Right here’s the AI’s tackle that:

I had one thing a little bit extra modern and fashionable in thoughts, whereas this appears to be like type of like a steampunk-meets-retrogrouch nightmare. Nevertheless, I can’t bear to provide the AI extra directions with a purpose to fine-tune it, as a result of fairly frankly interacting with it makes me really feel type of uncomfortable and peculiar. It’s like like having a co-worker who you already know is a registered intercourse offender.
Talking of Ergo shifters, it’s now been a little bit over two months since I purchased this bike I don’t want principally as a result of it had 10-speed Ergo shifters on it:

As a result of I didn’t want it I additionally pledged to spend completely no cash on it, and I’m proud to report I’ve continued to reside as much as that pledge…

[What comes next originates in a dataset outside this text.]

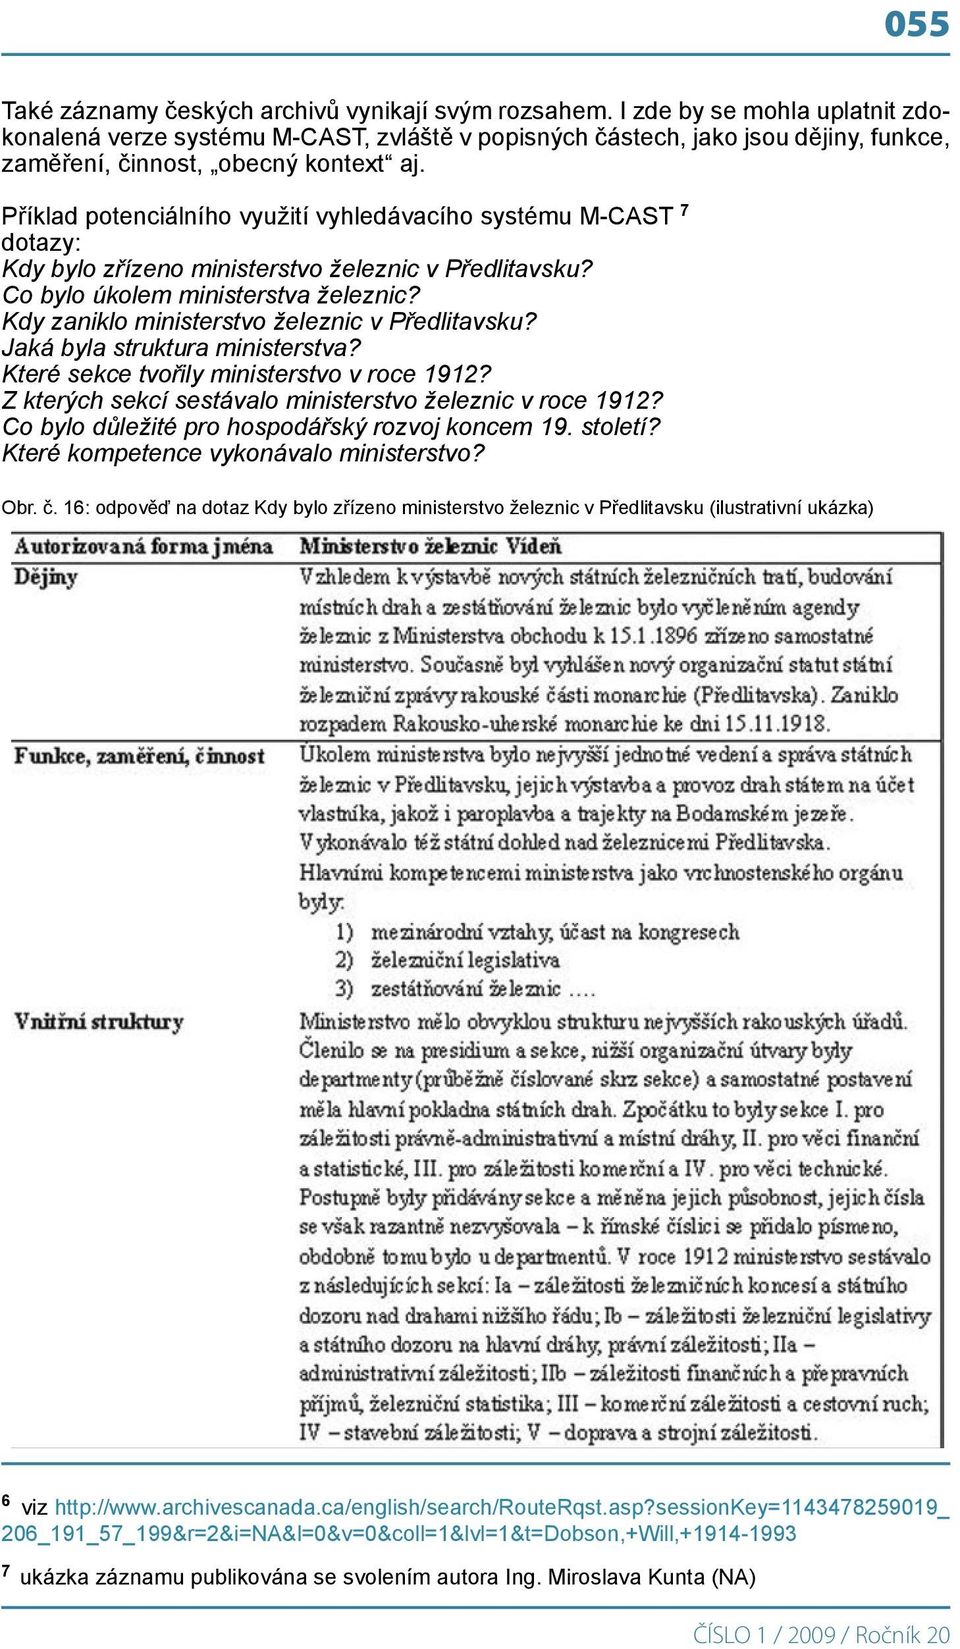 Příklad potenciálního využití vyhledávacího systému M-CAST 7 dotazy: Kdy bylo zřízeno ministerstvo železnic v Předlitavsku? Co bylo úkolem ministerstva železnic?

…other than these items, which I completely had to purchase for the wheels or else the hubs would have exploded whereas I used to be driving with disastrous outcomes:

It was both that or toss the wheels, and also you merely don’t toss a superbly good pair of wheels (paucity of spokes however) in the event you can inexpensively restore them. So all on this bike has nonetheless solely price about what you’d pay for an entry degree smartwatch from *pple.
By the best way, to refresh your reminiscence, Ben’s Cycle are actually the phrase’s best repository of Campagnolo parts and spare components, so in the event you’re in search of that type of factor your search ought to most likely start and finish with them.
Anyway, I hadn’t ridden this bike in a couple of weeks, and it was a pleasure to get again on it yesterday. There could also be little to no purpose to trip tires this skinny in 2026, however on a clean highway on a sunny day it’s as about as shut as you’ll get to flying:

Simply be careful for the gravel, or else you would possibly actually go flying:

And once I say “gravel” I don’t imply like an unpaved highway, which you’ll nonetheless trip even on an highway bike with skinny tires. I imply this type of gravel, which you would possibly discover strewn throughout a highway floor and encounter unexpectedly:

Simply ask Lucas Brunelle:

Every now and then I prefer to see what Previous Man Brunelle is as much as, and most just lately it appears he undertook a death-defying trip to his cousin’s marriage ceremony:

My goodness, he’s a middle-aged man! What’s subsequent, a video entitled “Balls-0ut Shred Sesh To My Colonoscopy?” Why not placed on a swimsuit, get on a Rivendell, and trip to the marriage with some dignity? Simply think about it’s your marriage ceremony day and Uncle Lucas reveals up in his full Fred swimsuit and arms you a moist envelope straight from his jersey pocket:

Although if the envelope have been fats sufficient I suppose you would possibly overlook it.